To do>
Nothing but the lines from the one containing "La fusion nucléaire" through the last line of the material should appear in the answer, transcribed exactly, pictures excluded.

Available data>
===============
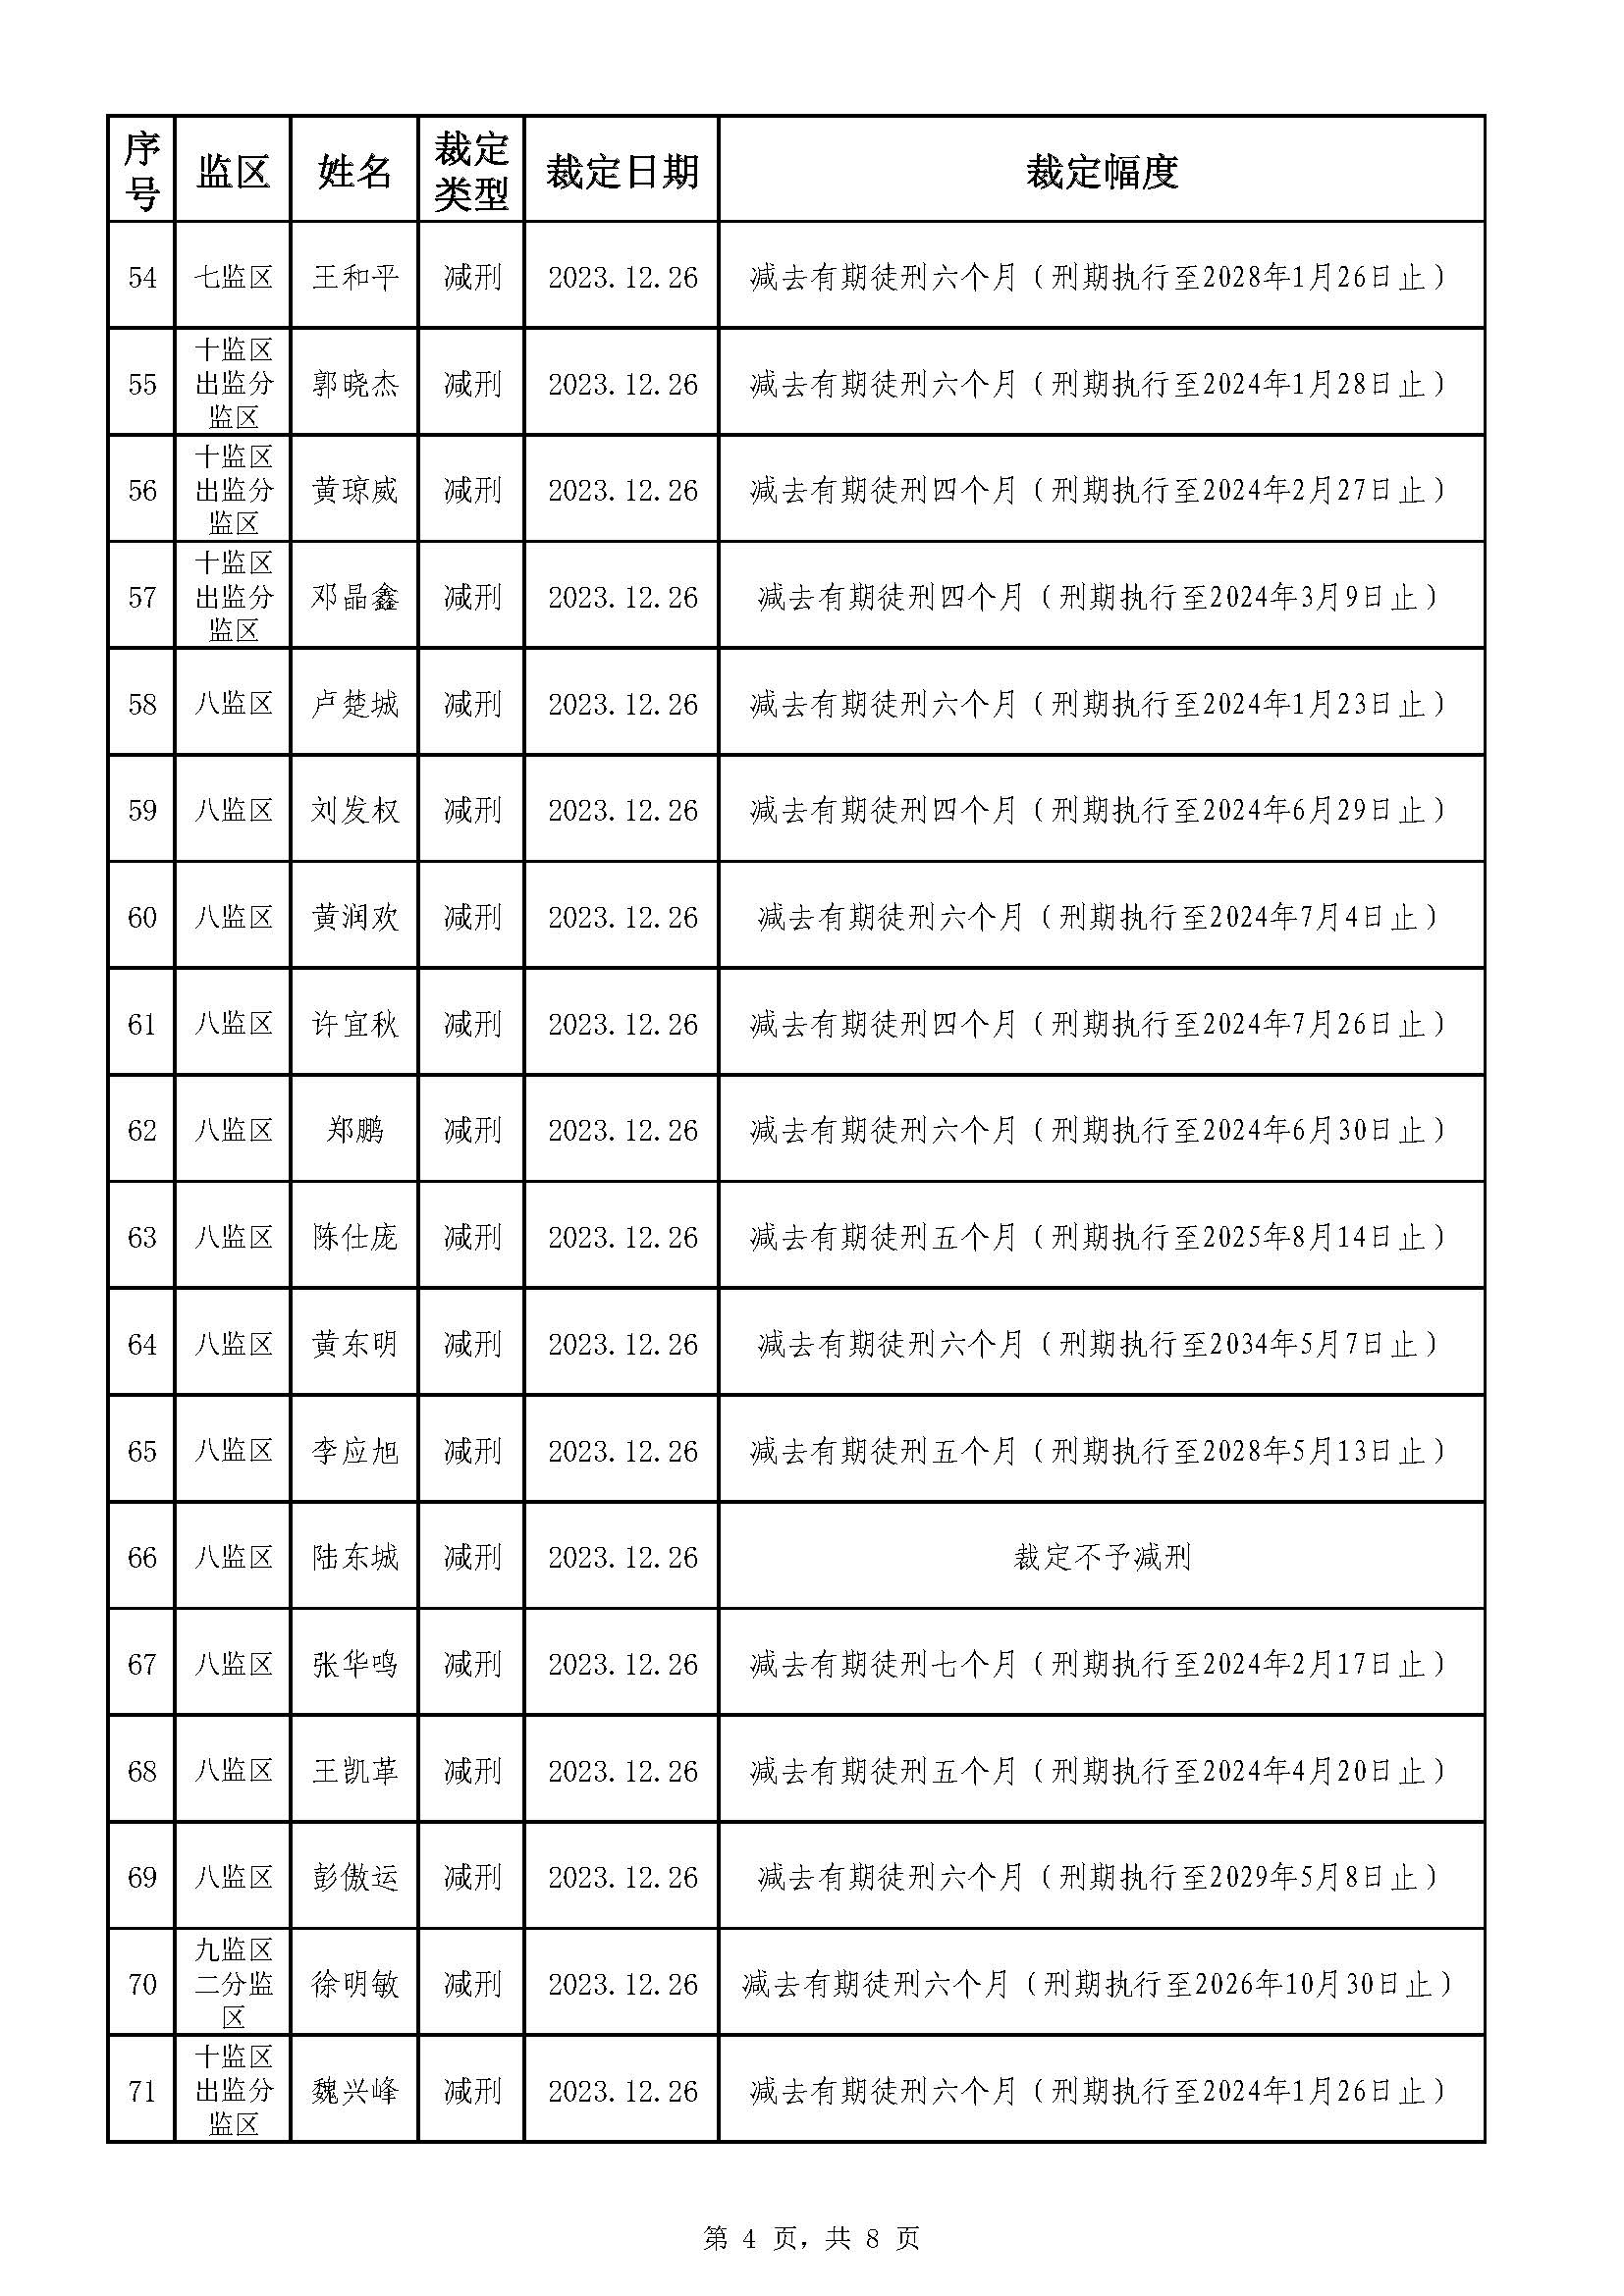 213.广东省明康监狱2023年第五批减刑假释裁定榜（公示）_页面_4.jpg
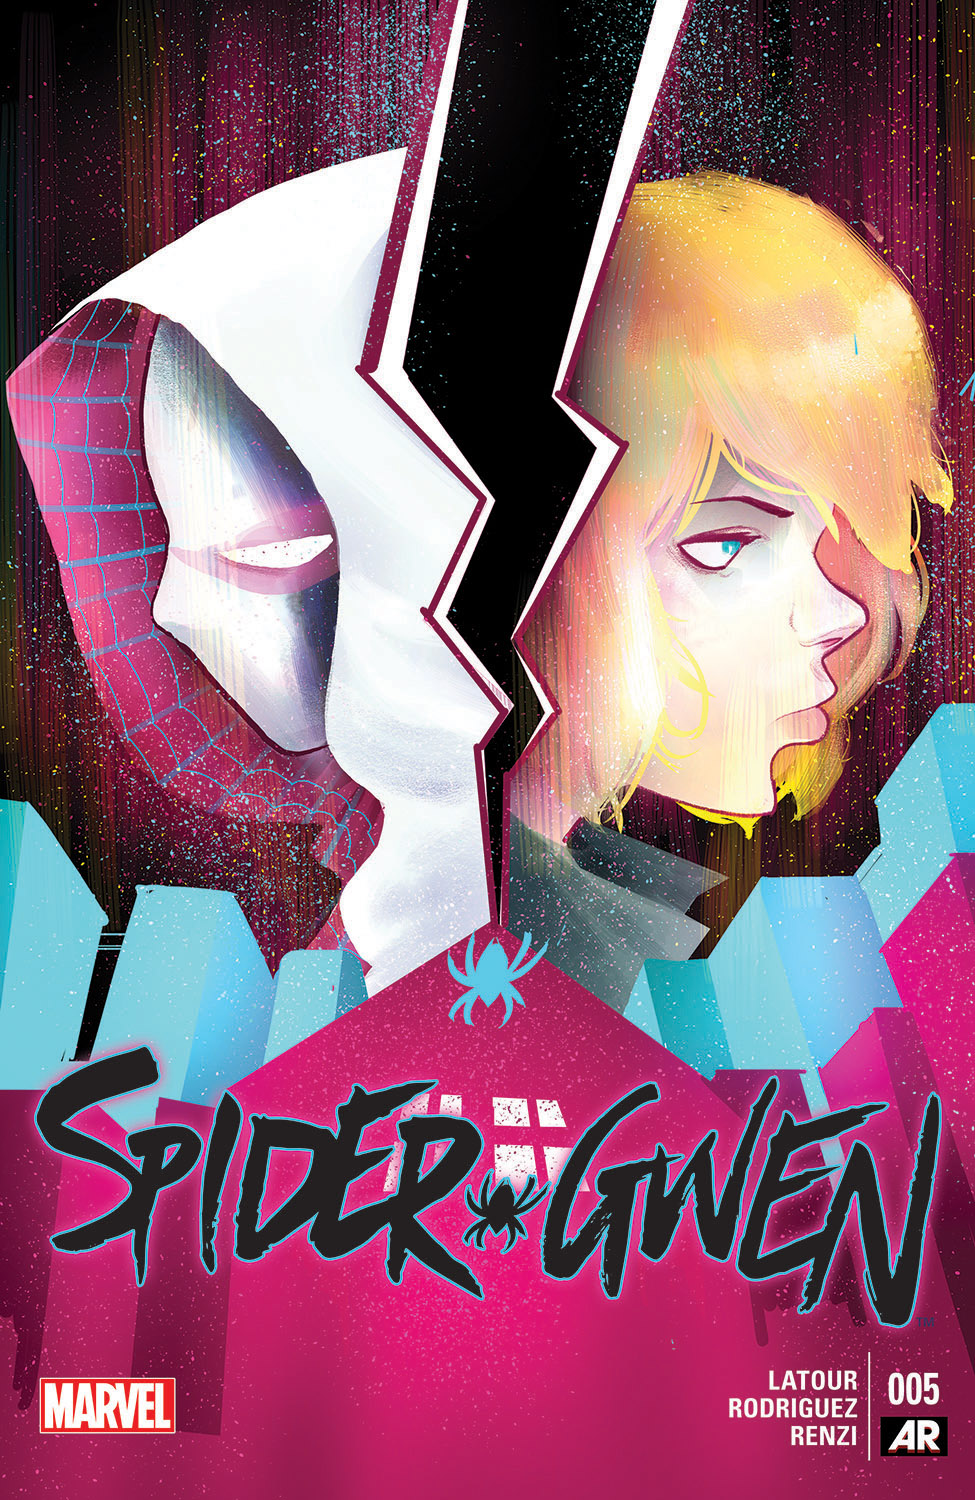 Spider-Gwen (2015) #5
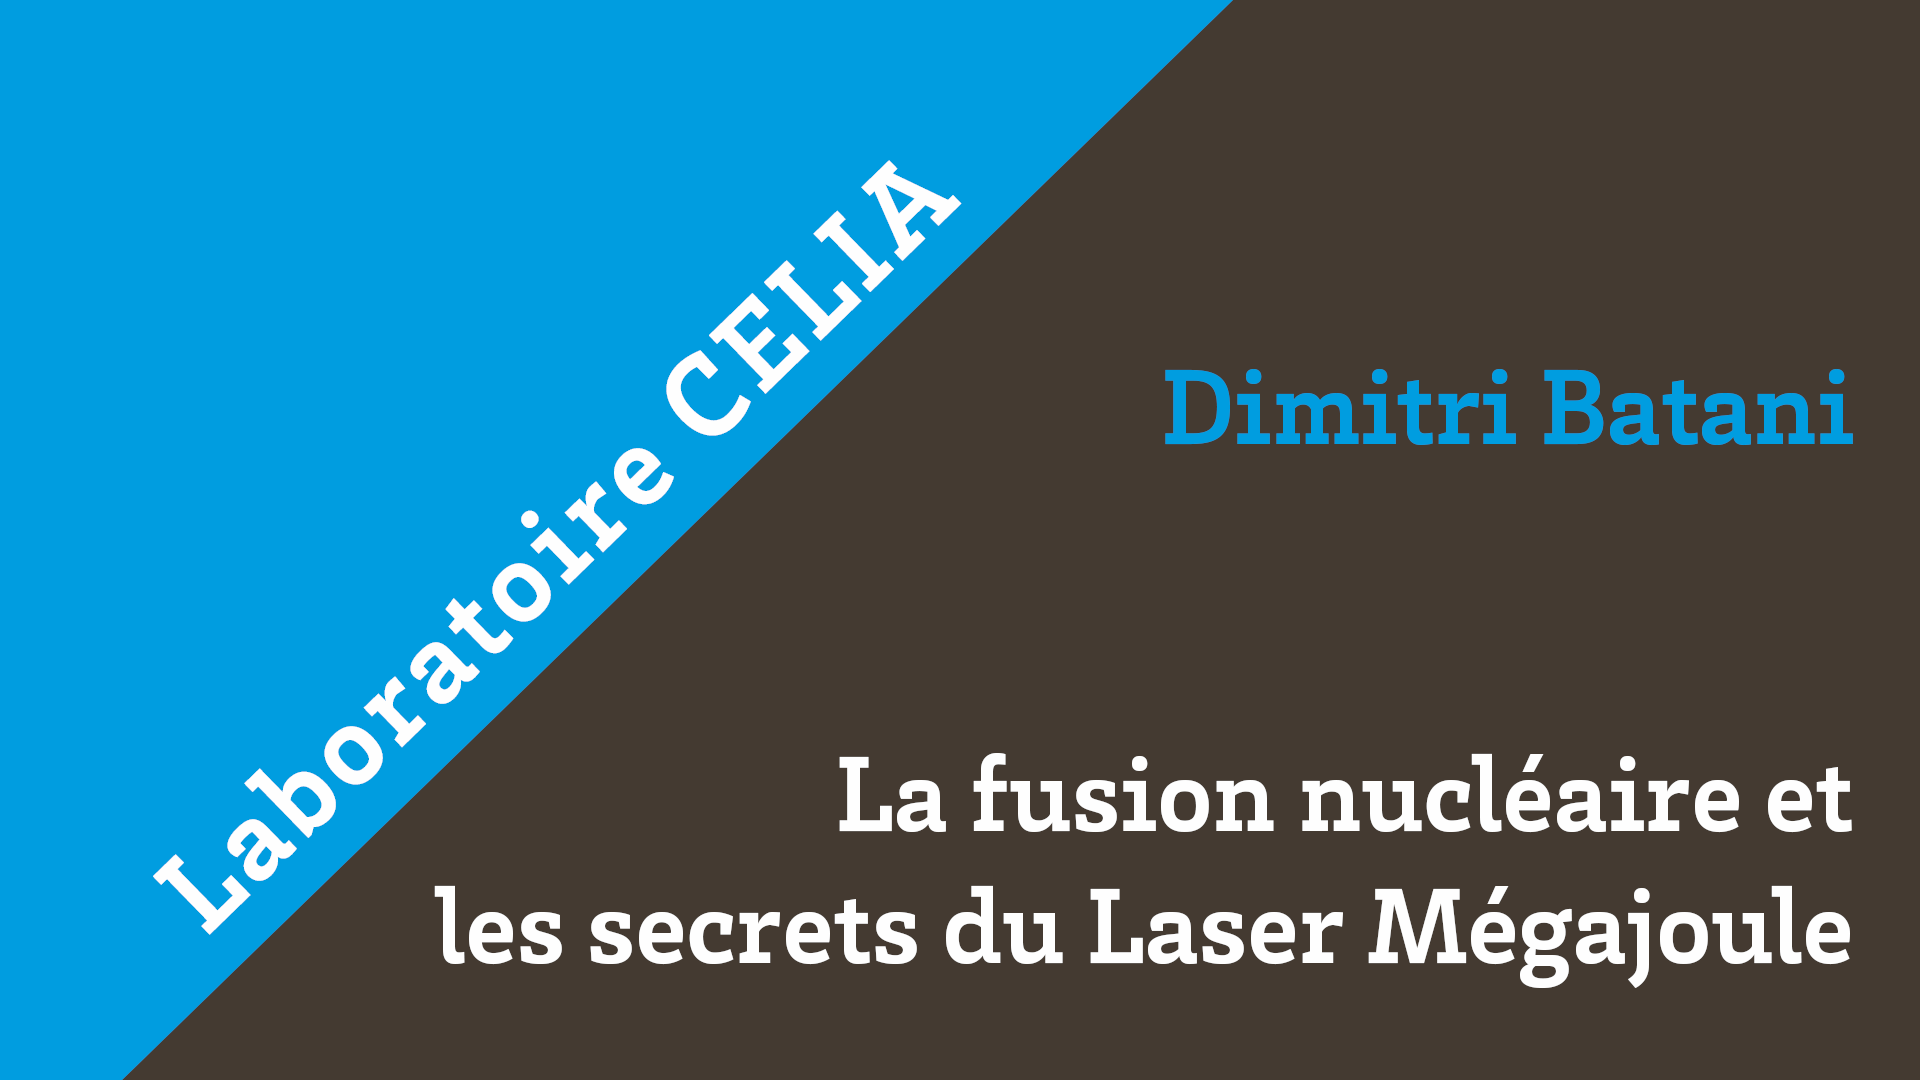 La fusion nucléaire et les secrets du laser Mégajoule
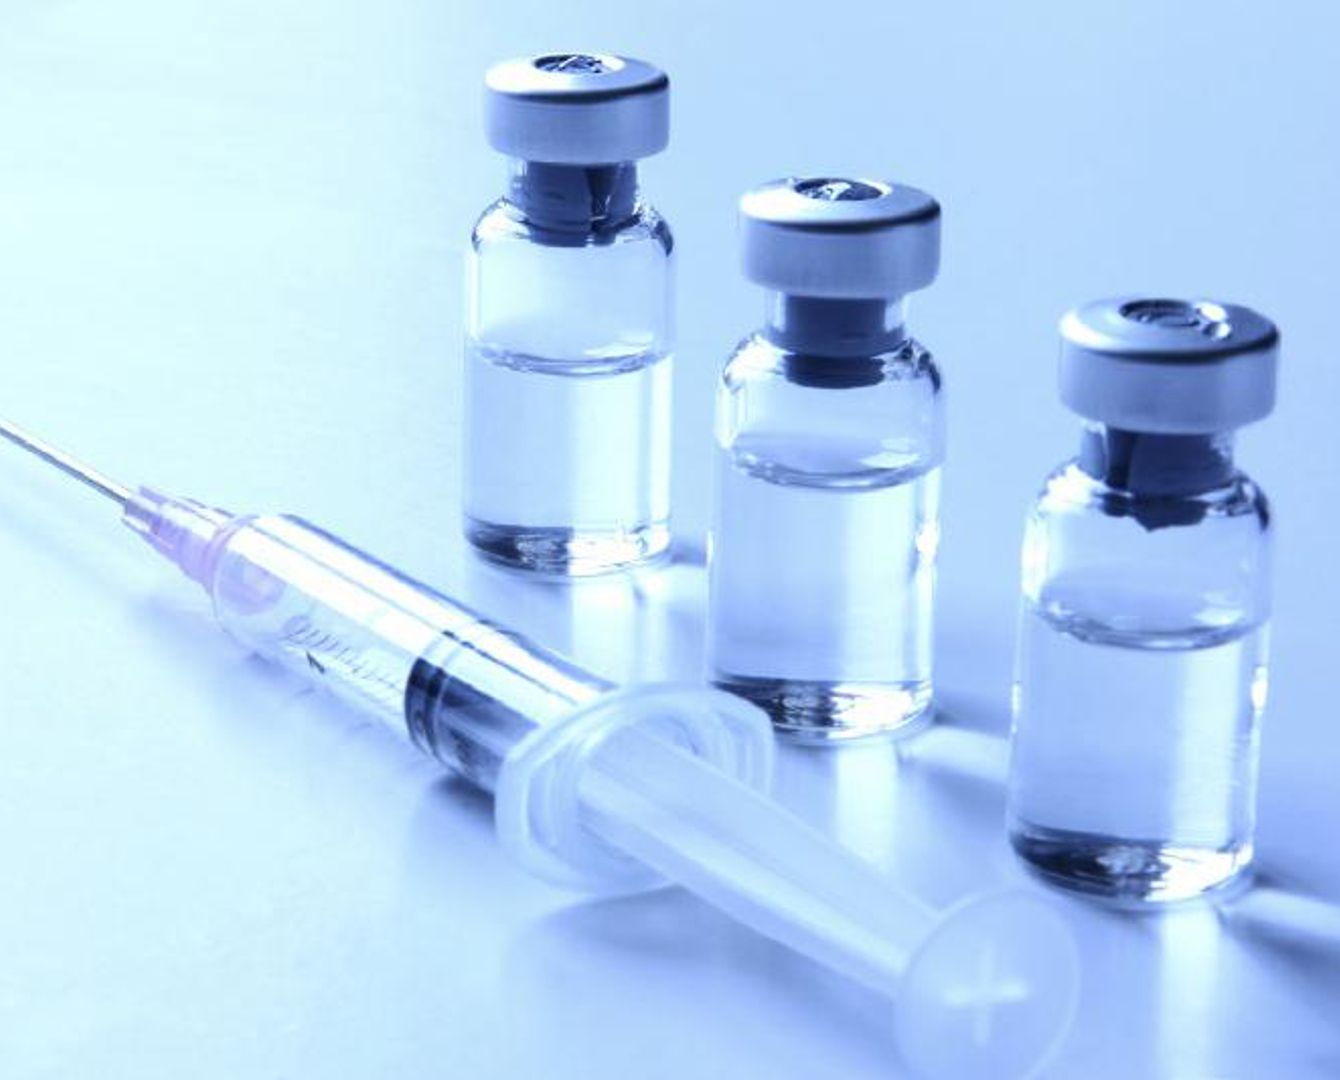 Отандық вакцинаға көп үміт артамыз – Алексей Цой
===============
Response below>
 La fusion nucléaire et les secrets du laser Mégajoule
 Отандық вакцинаға көп үміт артамыз – Алексей Цой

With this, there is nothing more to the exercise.